Veranstaltungs-Tipp : Steigt das Krebsrisiko durch Hormonbehandlung?

Eine Hormonbehandlung von Frauen in den Wechseljahren erhöht einer dänischen Studie zufolge das Krebsrisiko nicht. Auch erlitten sie nicht mehr Hirnschläge oder Lungenembolien als Frauen ohne Hormonbehandlung, heißt es in der Untersuchung, die auf der Webseite für medizinische Frage bmj.com veröffentlicht wurde. Die behandelten Frauen haben demnach sogar ein geringeres Risiko, herzkrank zu werden.

Für die Studie hatten mehrere dänische Ärzte aus fünf unterschiedlichen Kliniken 16 Jahre lang die Krankengeschichte von 504 Frauen verfolgt, die rasch nach Beginn der Wechseljahre eine Hormonbehandlung begannen. Sie verglichen deren Daten mit denen von 504 anderen Frauen, die sich keiner Behandlung unterzogen. Bedeutende Unterschiede zwischen den Gruppen - etwa was das Gewicht der Frauen, ihren allgemeinen Gesundheitszustand oder den Tabakkonsum anbelangt - gab es laut Studie nicht.

Den Ärzten zufolge waren bei Abschluss der Studie im Jahre 2008 in der Gruppe der Frauen mit Hormonbehandlung 27 gestorben, darunter acht an Herzerkrankungen. In der Gruppe der Frauen ohne Behandlung waren 40 Frauen gestorben, 19 von ihnen an Herzversagen oder nach Infarkten.

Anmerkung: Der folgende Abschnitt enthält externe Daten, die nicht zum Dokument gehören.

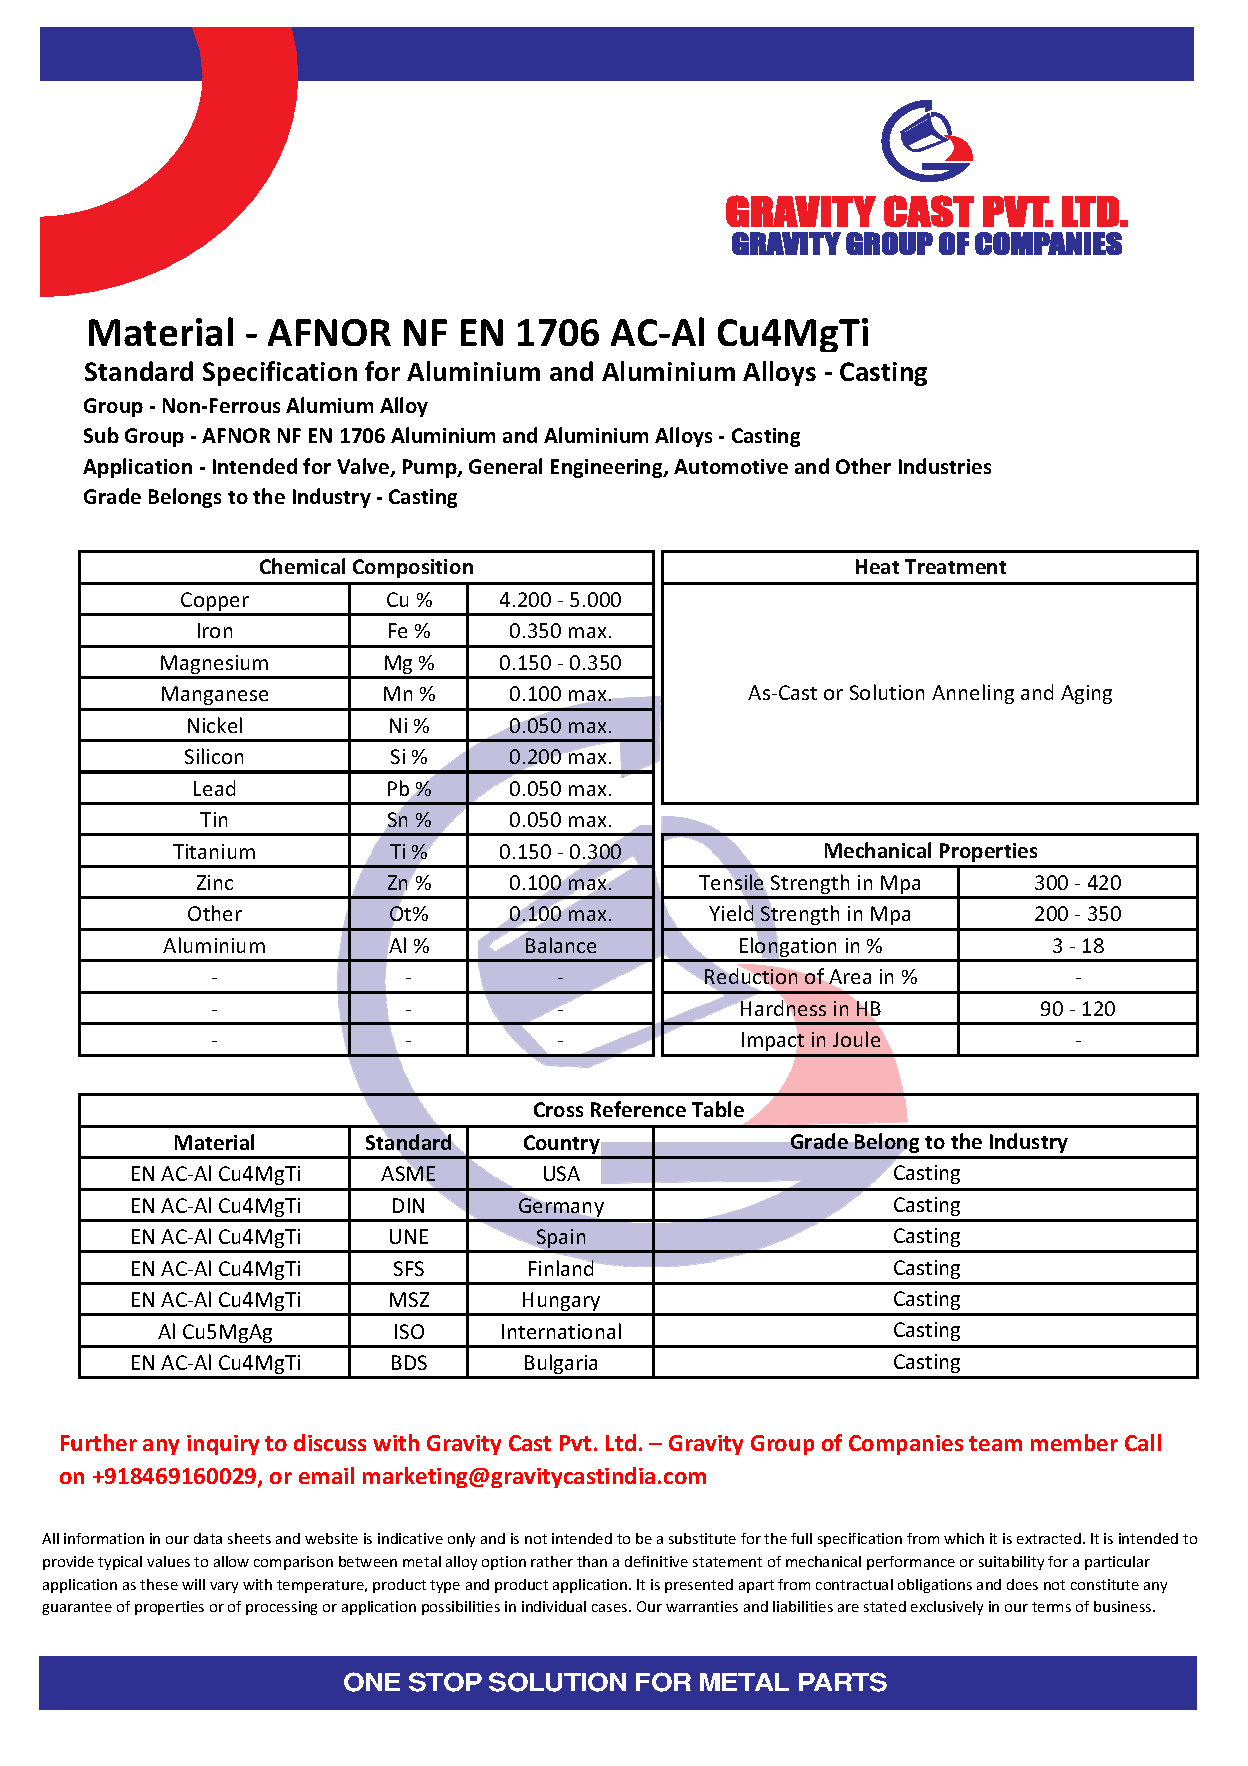 AFNOR NF EN 1706 AC-Al Cu4MgTi.pdf

Kritik an der Forschungsarbeit

Kritik an der Studie äußerte die französische Forscherin Françoise Clavel-Chapelon, die seit 1990 für eine ähnliche Erhebung die Krankengeschichte von 100.000 Frauen verfolgt hatte. Sie kam in ihrer 2007 veröffentlichten Studie zu dem Ergebnis, dass Frauen unter Hormonbehandlung ihr Risiko, an Brustkrebs zu erkranken, mehr als verdoppeln. Die Forschungsarbeit der dänischen Ärzte sei "schwach", stellte Clavel-Chapelon fest.

Bereits 2002 und 2003 hatten großangelegte Untersuchungen in den USA auf ein deutlich erhöhtes Brustkrebsrisiko durch Hormonbehandlungen hinwiesen. Aber auch diese Studien wurden von anderen Experten in Frage gestellt. Die Ergebnisse der Untersuchungen sind zudem nur bedingt vergleichbar, weil es erhebliche Unterschiede beim Durchschnittsalter der Frauen, dem Beginn der Hormonbehandlungen und den verwendeten Dosen gab.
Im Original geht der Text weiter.